EU/3/02/123 - orphan designation for treatment of steroid resistant graft versus host disease (GvHD)

The bone marrow is the spongy tissue inside the large bones in the body. The bone marrow makes red blood cells (which carry oxygen and other materials to all tissues of the body), white blood cells (which fight infection), and platelets (which make the blood clot). Bone marrow transplantation (replacing with healthy marrow) is a treatment used against certain diseases of the bone marrow. A frequent complication of bone marrow transplantation is the development of a disease called graft versus host disease (GvHD). This disease involves a reaction between the donor cells and the recipient's native tissues leading to injury of the recipient's tissues. GvHD occurs in acute and chronic form. The organs most commonly affected in acute GvHD are the stomach and the intestines, the skin, and the liver. Chronic GvHD involves a much wider range of tissues than the acute form. The condition is chronically debilitating and life-threatening.

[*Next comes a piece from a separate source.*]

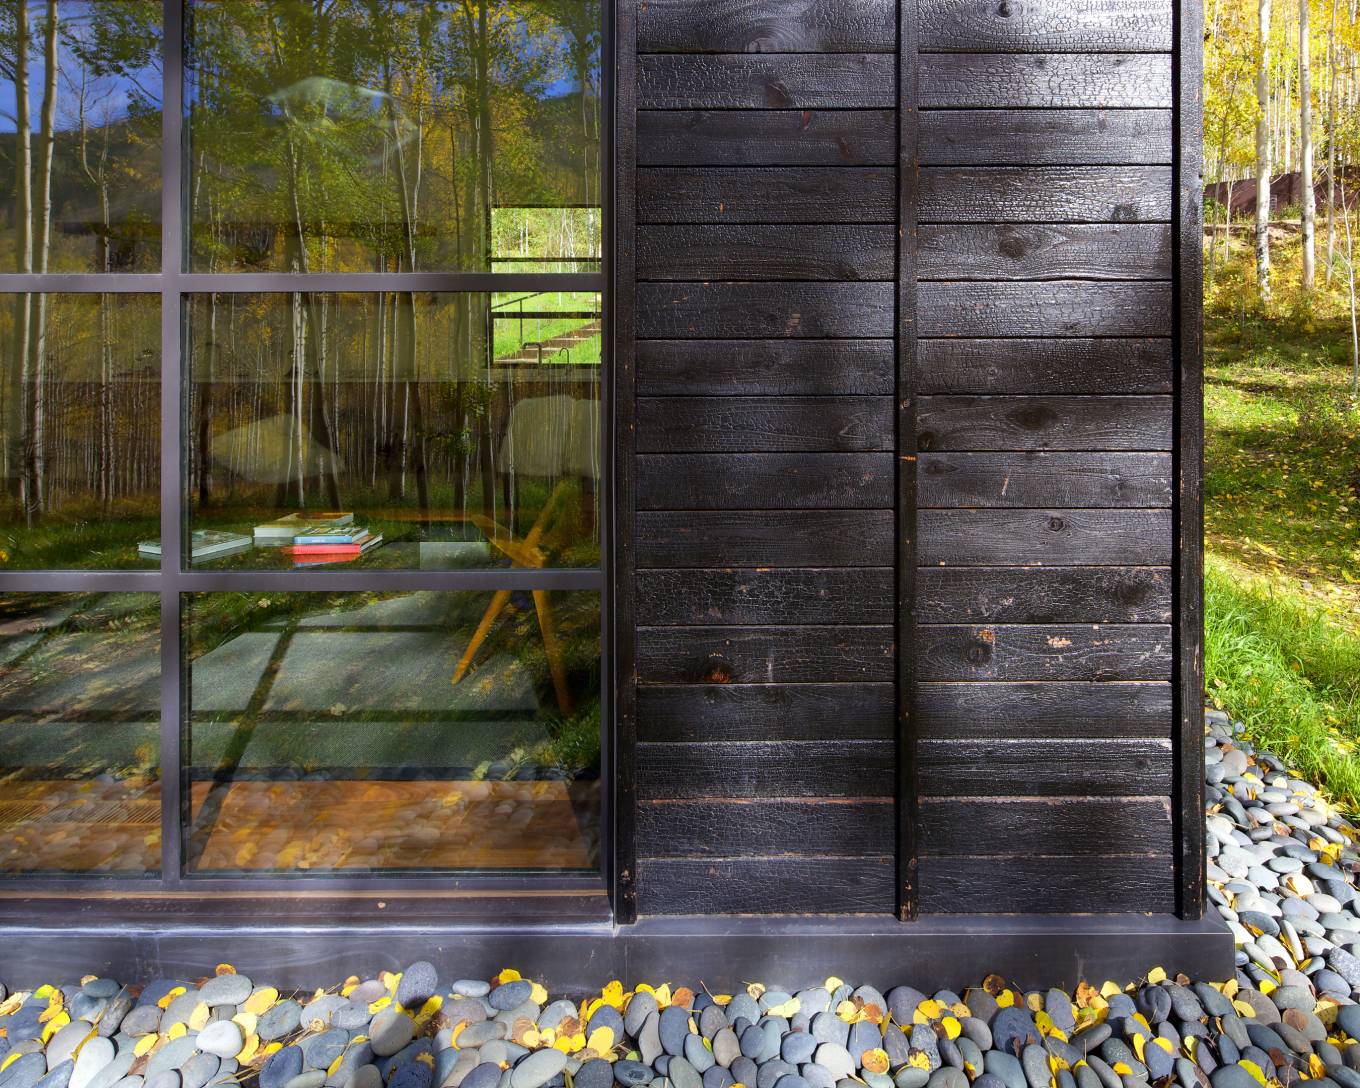 he vertical battens on the charred cedar siding were chosen to relate to the immense verticality established by the trees.

The methods of treatment authorised for GvHD in the Community, at the time of submission of the application for orphan designation, consisted of certain steroid hormones (corticosteroids) administered at high doses. Other therapies include drugs that inhibit the immune response (immunosuppressants). Anti-CD147 murine monoclonal IgM might be of potential significant benefit for the treatment of GvHD, particularly in terms of a selective action against those cells that are responsible for the disease.

According to the information provided by the sponsor, graft versus host disease was considered to affect about 8,000 persons in the European Union.

*Disclaimer: The number of patients affected by the condition is estimated and assessed for the purpose of the designation, for a European Community population of 377,000,000 (Eurostat 2001) and may differ from the true number of patients affected by the condition. This estimate is based on available information and calculations presented by the sponsor at the time of the application.

Anti-CD147 murine monoclonal IgM is an antibody. Antibodies are proteins which specifically recognise and attach themselves to certain foreign substances, such as proteins found on the surface of cancer cells or bacteria. In the case of this antibody, the target is a protein (CD-147) that is found on those cells of the immune system that are activated, thereby causing the graft versus host disease. The antibody is expected to bind to these cells and to induce their destruction. Cells, which are not involved in the immune reaction and, therefore, not activated at this time, would be preserved.

At the time of submission of the application for orphan designation, clinical trials in patients with GvHD were ongoing.

Anti-CD147 murine monoclonal IgM had not been marketed anywhere worldwide for GvHD, at the time of submission. Orphan designation of anti-CD147 murine monoclonal IgM had been granted by the United States Food and Drug Administration (FDA) for the treatment of acute GvHD.

According to Regulation (EC) No 141/2000 of 16 December 1999, the Committee for Orphan Medicinal Products (COMP) adopted on 09 October 2002 a positive opinion recommending the grant of the above-mentioned designation.

• the seriousness of the condition;
• the existence or not of alternative methods of diagnosis, prevention or treatment;
• either the rarity of the condition (considered to affect not more than five in ten thousand persons in the Community) or the insufficient return of development investments.

Designated orphan medicinal products are still investigational products, which have been considered for designation on the basis of potential activity. An orphan designation is not a marketing authorisation. As a consequence, demonstration of the quality, safety and efficacy will be necessary before this product can be granted a marketing authorisation.